Formflow will not only add another tempting feature, but provide a boost for all the advantages of anisoprinting technology and unleash the potential of anisotropic structures.
Cost savings will become more tangible:
- Developing designs with anisotropic structures is now automated and precise.
- Even faster prototyping with AI-driven computation and optimization. The trial and error method will now be replaced by physics simulating algorithms that define optimally performing parts. Their predictive capability has earned a reputation as an essential verification, troubleshooting, and analysis tool.
- Optimized material use: parts designs with minimal weight and maximal desired parameters lead to reasonable and efficient material consumption.
- The advanced software takes care of the topology, so printing involves less manual input leaving the specialists free for other work.
- Improved flexibility due to clear quantitative analysis of loads.
The devil is in the detail: effective design for optimal performance
The behavior of composite materials, that in a broad sense are a novelty for industrial production, is difficult to predict. Structural behavior, thermal behavior, fatigue behavior, flexural strength, or any other parameter require dedicated modeling.
In addition, manufacturing complexities are such that novice users run the risk of manufacturing a product that unexpectedly turns out to be different from the one that was designed.
It is paramount to achieve optimization goals within a set of pre-determined constraints with reliable — and compatible — tools and technologies developed to work together.
Formflow is now designed to export files compatible with the Anisoprint proprietary slicer — Aura, thus facilitating advanced materials design. Users do not need to know the geometry of the model to achieve their goals, only the target parameters. Thermal resistance, strength, stiffness, weight, sustainability, and even time and cost of production are parameters that can be mapped in Formflow to calculate the optimal shapes and properties and supplemented with detailed graphs, showing clear dependencies between competing parameters such as mass and displacement and highlighting the most favourable trade-off. Once the model is optimized, it is fed to Aura to prepare for printing
See how time and cost vary with mechanical properties
We conducted a testing for optimization of internal structure of a continuous fiber reinforced part. Below you can see an aircraft chair support layer by layer designed to be light weight and withstand sufficient loads.

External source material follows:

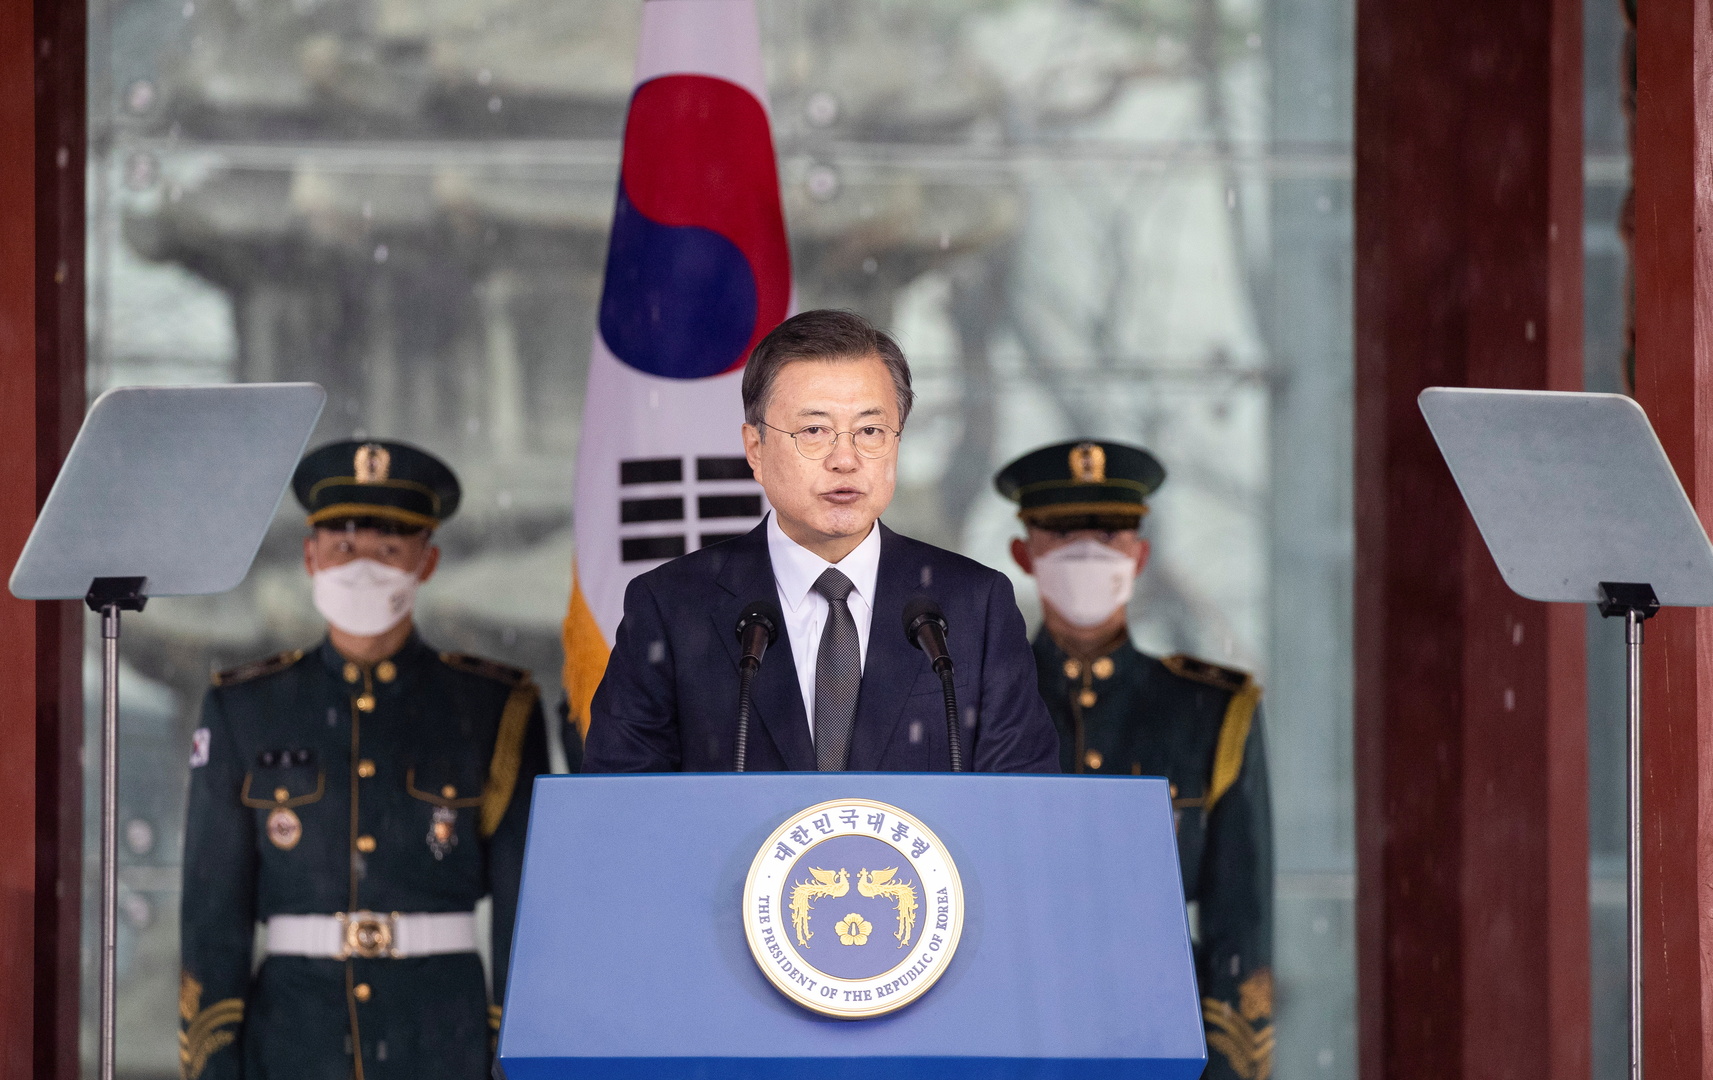 رئيس كوريا الجنوبية يزور البيت الأبيض في 21 مايو
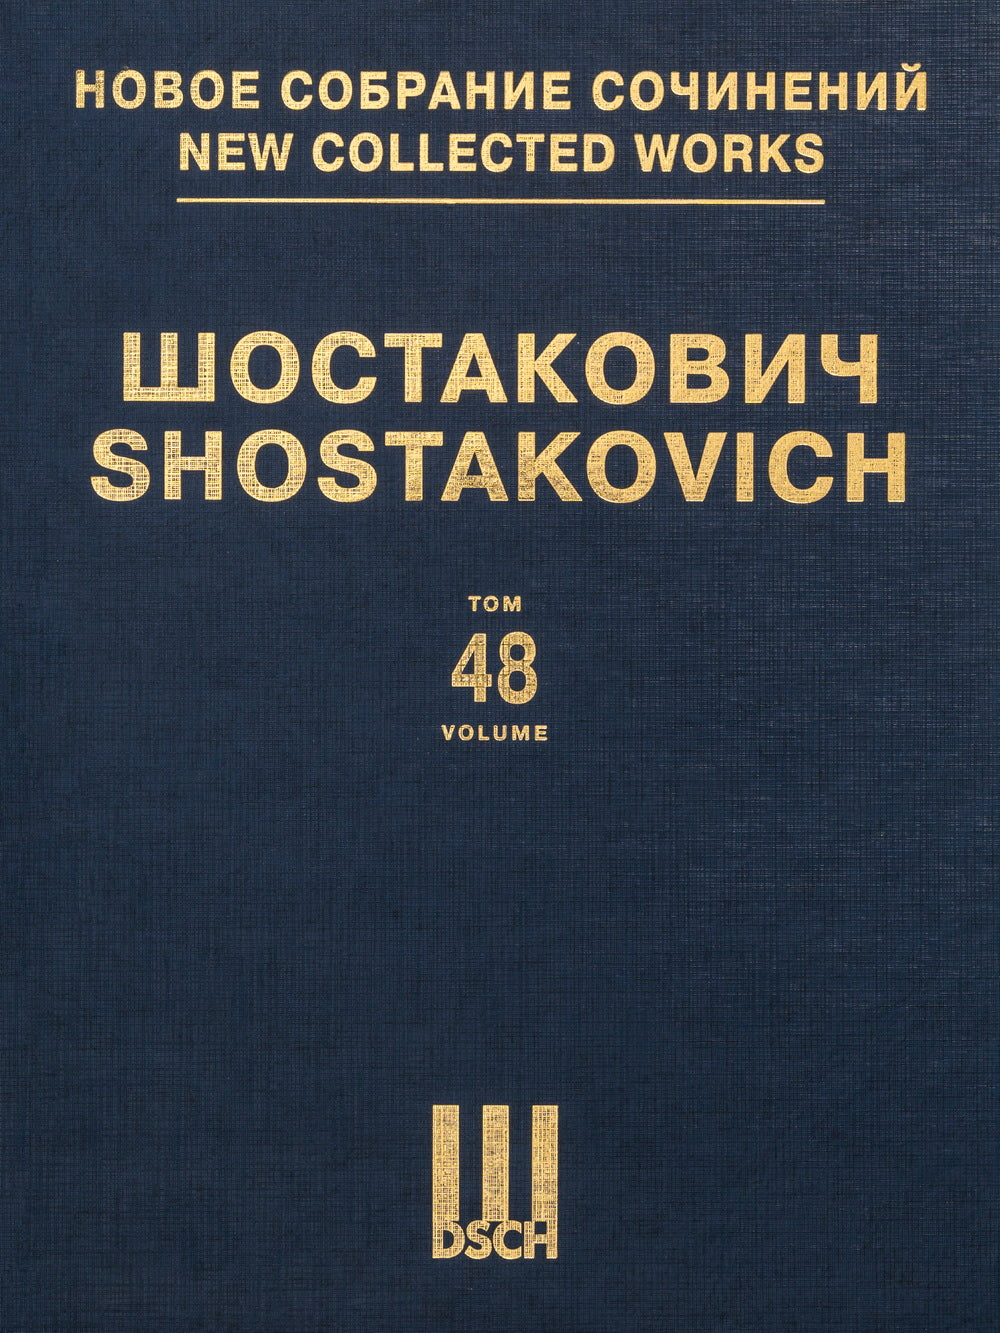 Shostakovich: Cello Concerto No 2, Op. 126

Reinforcement pattern exported from formflow to Aura
The darker areas indicate a more dense lattice that reinforces the most loaded regions.
Naturally, the more dispersed grid here fills the areas that carry less load: thus we do not waste material by over-reinforcing them. Using the optimal amount of material leads to reducing printing time, less material waste and reduced costs.
It is peculiar how a simplistic detail starts to resemble natural structures once we see how boundary conditions really work. The sophisticated pattern of lattices (they function as multimaterial here) gives an exhaustive reason why we need reliable software for composite materials design to make the most of continuous fiber 3D printing.